Most American entertainment reporters and media pundants don't seem to be able to understand what they see or hear when it comes to the heated exchange between Rosie O'Donnell and Elisabeth Hasslebeck on the US TV program The View.

It's as if they haven't heard an honest emotion uttered on TV; they seemed rattled. And of course there were those who degraded the exchange by calling it a "cat fight." ABC-TV early morning News even used the squaling of cats in the background.

I've seen almost all of those would-be journalists "report" that Rosie (whose name familiarity is joining the ranks of Oprah, Cher and Madonna; Elisabeth, however, will continue to be known as Elisabeth Who the moment Rosie is off The View) called US soldiers "terrorists," and she absolutely did not.

She inferred that the US government may be experienced as terrorists by Iraqis whose nation is being decimated by the US invasion-turned-all-out-war against (in their minds) Iraqis. Iraqis are not sitting around watching these faux analysts, they are trying to survive bombs, guns, and other artillery going off all around them, all the time.

To the pundants, the US-Iraq war is a notion; to the Iraqis it's a matter of life and death.

In order to understand what Rosie actually said, one must understand nuance. One must be able to think for themselves. Analyze.

Unfortunately, instead of a worthy opponent, Rosie saw someone across the table whom she thought actually knew her well enough to know that Rosie would never diss our kids in uniform. She saw a would-be friend deny her the benefit of the doubt, even enough to attempt to understand her genuine intention.

A would-be friend who instead attributed to Rosie thoughts and words she neither said nor intended. So she got emotional and delved into name-calling.

Elisabeth fought back, which her fans were happy to see. But she fought back with words intended only to push and diss Rosie with name-calling as well instead of participating in an educated argument.

No matter how you feel about Rosie's arguments? She reads, she researches, she wants to know more than what she is told by people who have every reason to mislead us.

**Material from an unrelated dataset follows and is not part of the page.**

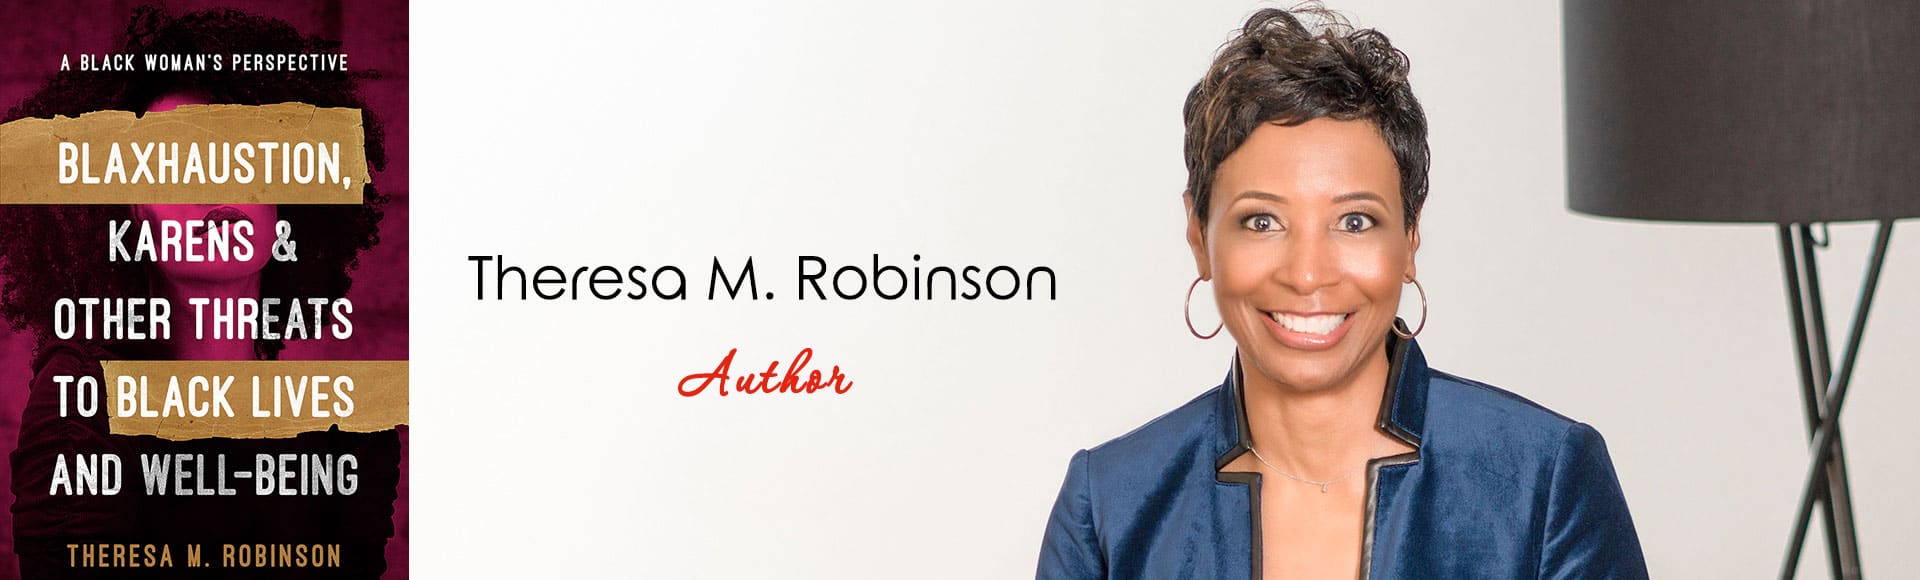 Theresa M. Robinson Author Hero Image

Elisabeth doesn't appear to know how to participate in genuine spirited, knowledgeable argument about the US-Iraq war . An informed public exchanging honestly held points of view is at the core of a democracy. But! She does seem to know how to practice "truthiness."

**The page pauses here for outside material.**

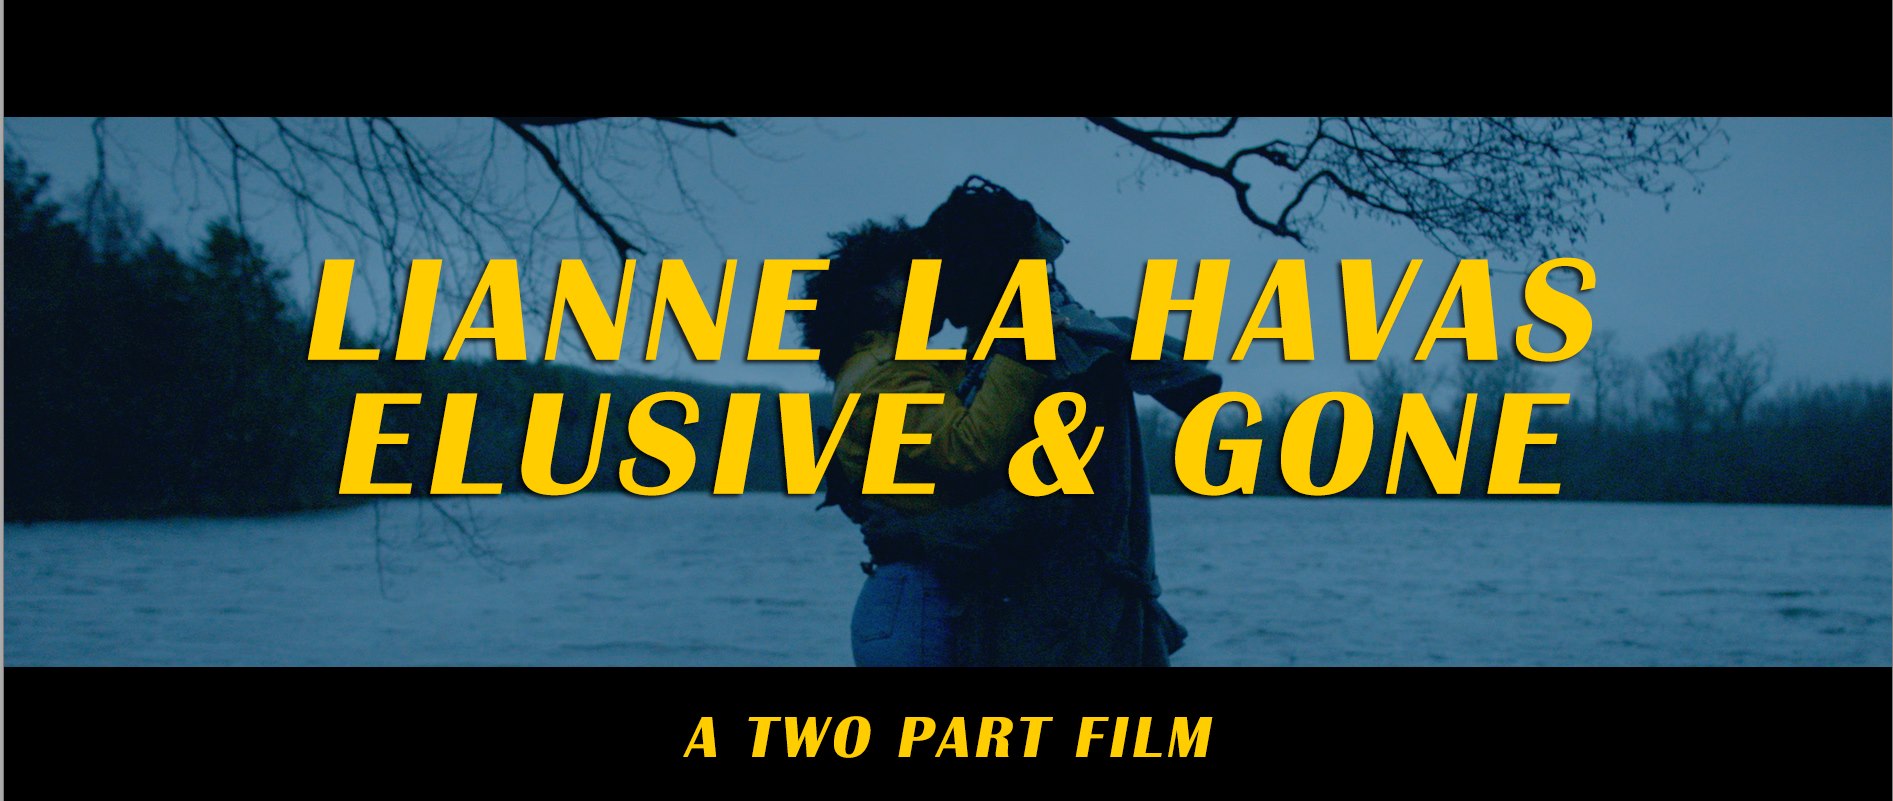 Lianne La Havas presenta un corto doble para Elusive y Gone

Regurgitating what she's been told by those in power, believing everything she is told because it feels like it should be true.
Watch the exchange for yourself here.

We link, you decide. When you watch - I hope you'll pay attention to what is actually said on both sides, rather than indulging in the truthiness of your already steadfast beliefs.

Elisabeth's retorts remind me of the lyrics from a song in The King and I: "Very quickly will he fight/He'll fight to prove what he does. Not. Know. Is. So."

No matter whose corner you're in, the fact is that this daytime show - thanks to the irascible Rosie - is one of the few places where we can see real political ... chatter; I'm not sure it rises to the definition of debate.

Oh, most of those would-be pundants declared one of the two a winner the other a loser. But the only real losers are the American public because this is about as classy as public discussion gets about the subject here.

I hope you're checking out news from other nations to understand the extraordinary bias in American media coverage. The internet is rife with news from every corner of the world, most feature English versions of coverage in other languages.

It also helps if you speak more than one language in any occupation these days because of the international nature of the world economy.

Back home? I wish more of those would-be US analysts and pundants were investigating, reporting and debating the real issues concerning this horrific US-Iraq war - a war that has virtually destabilized the world - so we can know the genuine truth about the people who got us into it and explain honestly why our troops have not come home long ago.